ES and PNETs were formerly classified as two distinct pathologic entities. Owing to their similar histologic and cytogenetic characteristics, these tumors are now categorized under a spectrum of neoplastic diseases known as the ES family of tumors [5].

Primary ES of the kidney is an extremely rare entity and is typically seen in children and adolescents with a male predilection [6]. Similar was finding in our case. The clinical presentations include flank or abdominal pain, palpable mass, and hematuria [7, 8].

Primary ES of the kidney has propensity for early metastasis and follows an aggressive course [9].

No specific sign of ES of the kidney has been described on radiology. The imaging characteristics of most renal sarcomas are indistinguishable from those of renal cell carcinoma (RCC) and can radiologically masquerade as RCC [9].

Diagnosis of PNET is based on morphological, immunohistochemical, and genetic analyses. Morphologically small, round cells with hyperchromatic nuclei, scant to moderate cytoplasm, and occasional rosette-like structures are observed in PNET of the kidney [4]. Owing to age group, site, and histomorphology ES needs to be differentiated from other round cell tumors like rhabdomyosarcoma, Wilms tumor, neuroblastoma, lymphoma, desmoplastic small round cell tumor, etc. Multiple panel of immunohistochemistry markers (cytokeratin, WT1, synaptophysin, muscle-specific actin, desmin, EMA, myogenin, LCA, and CD45) is mandatory to exclude the diagnosis of other round cell tumors [10, 11].

Meanwhile, identification of the EWS/FLI-1 gene fusion by cytogenetics aids in confirming the diagnosis along with histopathology and immunohistochemistry [12].

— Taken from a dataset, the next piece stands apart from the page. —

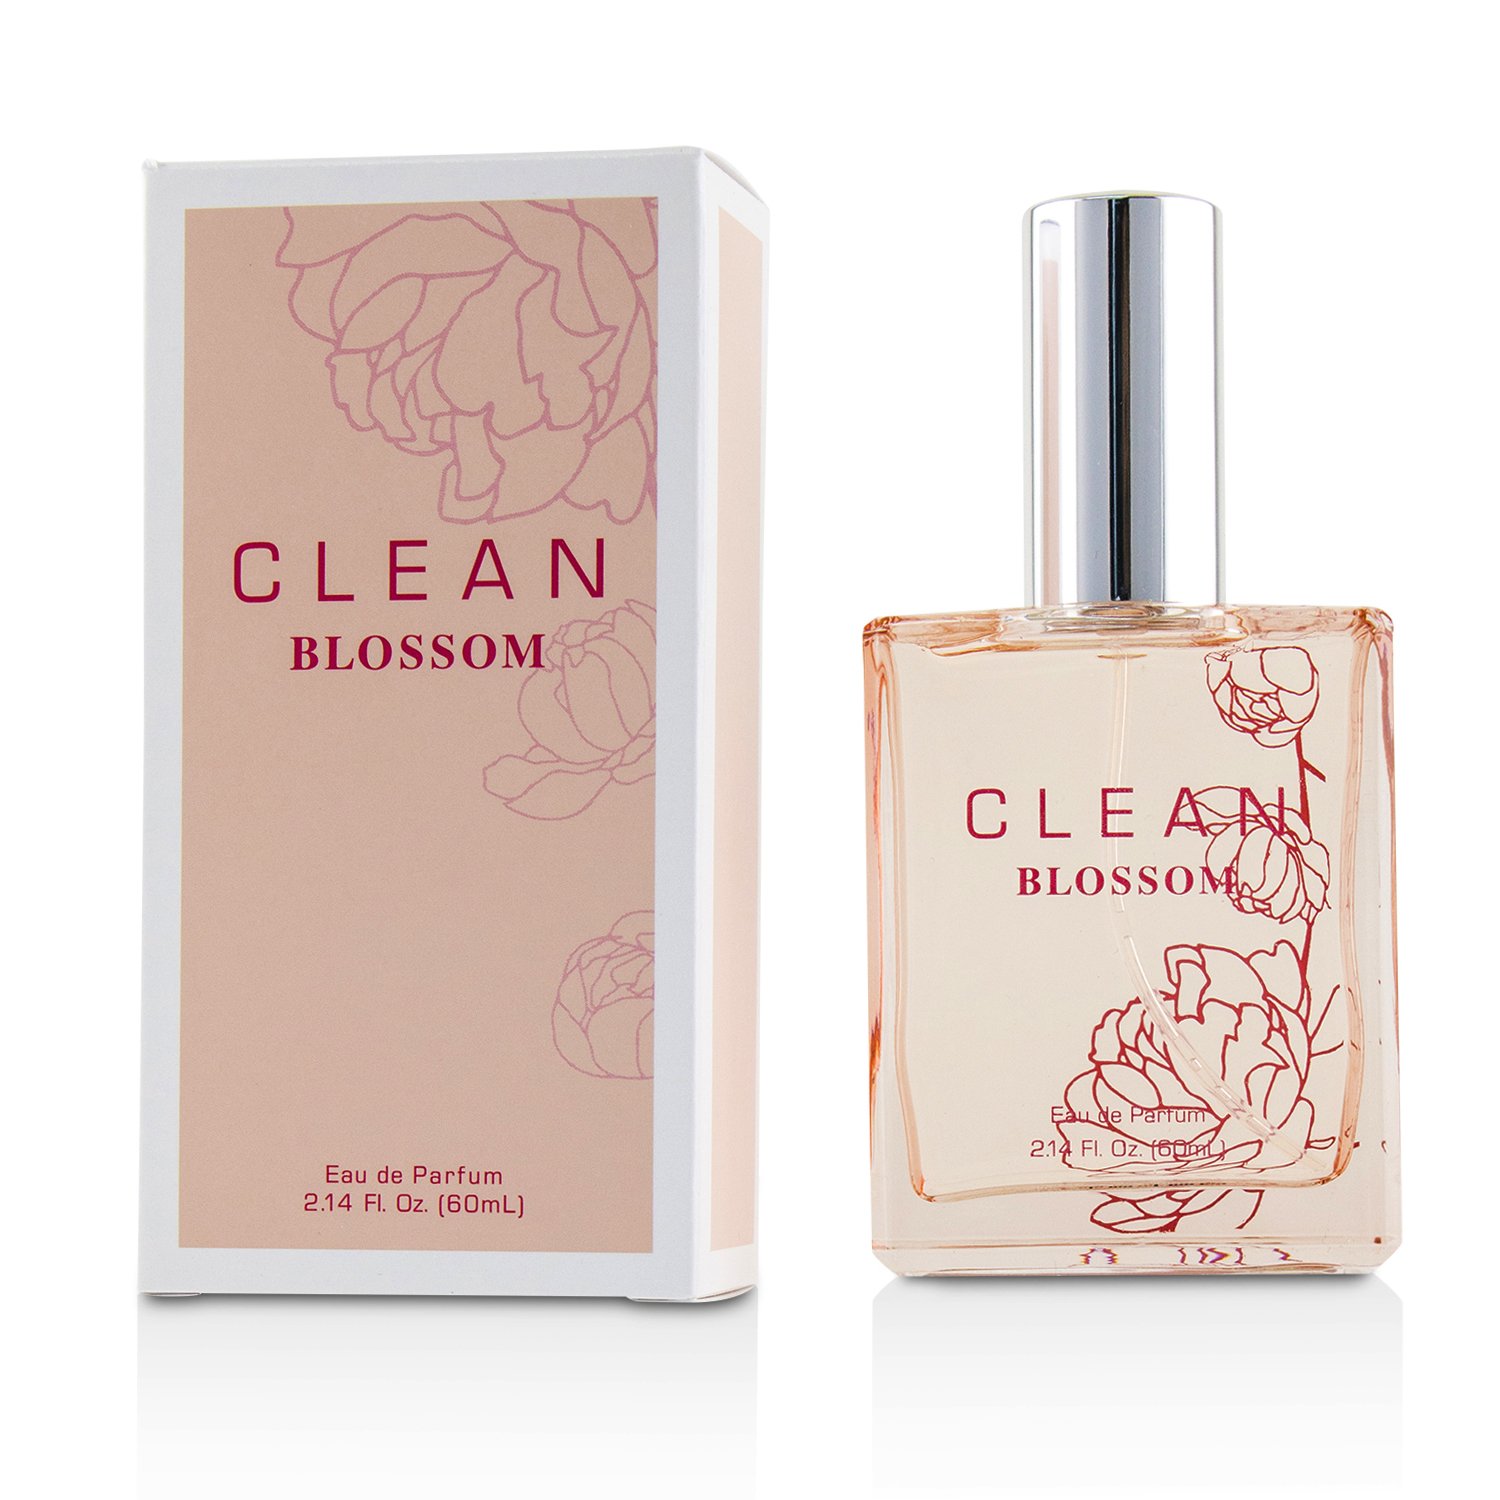 Clean - Clean Blossom 綻放女性香水

ES are typically aggressive, involving the lymph nodes and metastasize to lung, bone, and liver. Median survival for advanced disease is only 5.6 months [8]. Multidimensional treatment approach of surgery and/or radiotherapy and chemotherapy is beneficial [8, 11]. The current regimens include alternating cycles of chemotherapy consisting of: VAC and ifosfamide-etoposide [13]. Extraskeletal Ewing’s is a radiosensitive tumor but radiation therapy preferably plays role in the cases with unresectable disease [14].

4. Conclusion

ES of the kidney is a rare entity with presentation at young age and shows an aggressive disease course; thus, early diagnosis and multidimensional treatment are a must. Given its rarity, the presentation of the ES requires a diagnosis that relies on an integrated approach consisting of histomorphology, immunohistochemistry, and further confirmation by molecular-genetic testing whenever available.

Consent

No written consent has been obtained from the patients as there is no patient identifiable data included in this case report.

Disclosure

The case was presented as poster presentation at ACPN annual conference but has not been submitted or published.

Conflicts of Interest

The authors declare no conflicts of interest.

Funding

No funding was received for this manuscript.